Yeah, understood. One follow-up for Anthony. Anthony, what is the assumption for revenue contribution for fiscal 2025 from ShareFile? And can you remind us what that business is growing at?

speaker
Anthony
Chief Financial Officer

Yeah, we're expecting it to be around $250 million for the year pendulum. And I would say it's going to be you know, we're going to say it's consistent with the rest of our business, sort of low single digits.

speaker
Bora
Analyst, J.P. Morgan

Just to follow up, you said $250 million in addition. I'm just looking at the guidance.
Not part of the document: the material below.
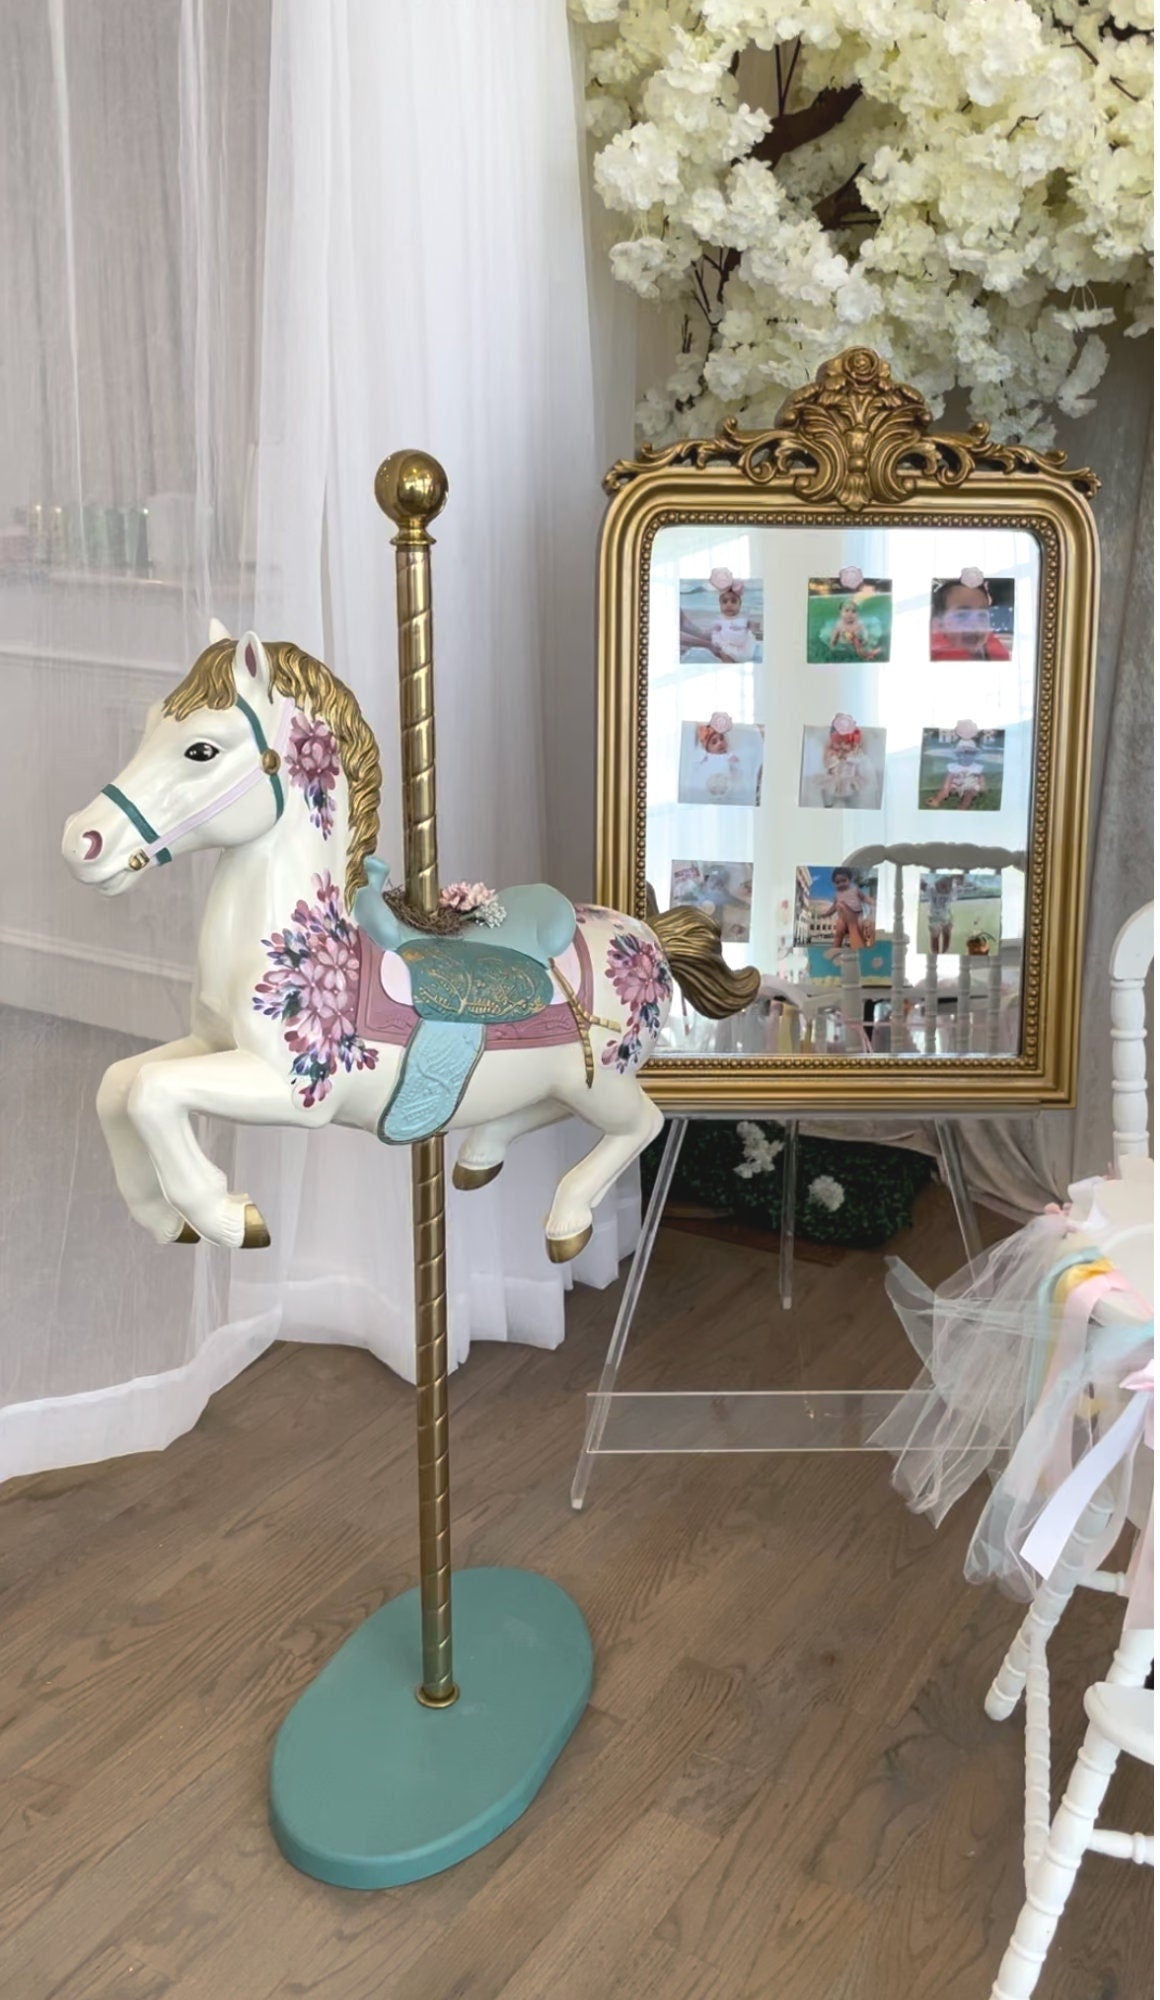 Life Size Carousel Horse For Rent

I think the guidance versus last or the last fiscal year came up, you'd be adding something like $211, $214. So I'm trying to understand if you're adding $250 million from this acquisition is the organic business looks weak, a little bit weak. So I'm trying to understand the raptable piece. ARR, $250 million, I understand. But to revenue, the raptable piece, is that lower?

speaker
Anthony
Chief Financial Officer

Yeah, well, one thing to keep in mind is there's one month contribution from ShareFile in 24. So there's maybe a $230, $229 million incremental contribution. And yeah, the base business on a pure revenue perspective, As we deal with, and we've talked about this before, the timing of contract renewals for things like Data Direct and even OpenEdge, to the extent we have multi-year term license renewals that either come in or don't in a particular year, the revenue can get lumpy one way or another, which is why we continue to focus on ARR, which I would say we're expecting growth in ARR. And if you look at 24, even without share file, ARR grew by probably around 2%, which was probably a little ahead of where we thought it would be. I think next year with share file, we're expecting continued ARR growth. So yeah, you can, if you sort of unwrap, let's say 228, 229 million for the incremental share file revenue in 25, you do have an FX impact of maybe five, $6 million on the year. And then there's going to be a little variability from timing of contract renewals for things like data direct.

speaker
Bora
Analyst, J.P. Morgan

Understood, Victor. Thank you.

speaker
Operator
Conference Operator

Yep. Thank you. I'm showing no further questions in the queue at this time. I would now like to turn the call back over to Mr. Yogesh Gupta for any closing remarks.

speaker
Yogesh Gupta
CEO

Thank you, Cherie. To close, we're delighted with our performance in FY24, and we're looking forward to an exciting FY25. Thanks again for joining us, everyone. Have a good night.

speaker
Operator
Conference Operator

Thank you all for participating. This concludes today's program. You may now disconnect.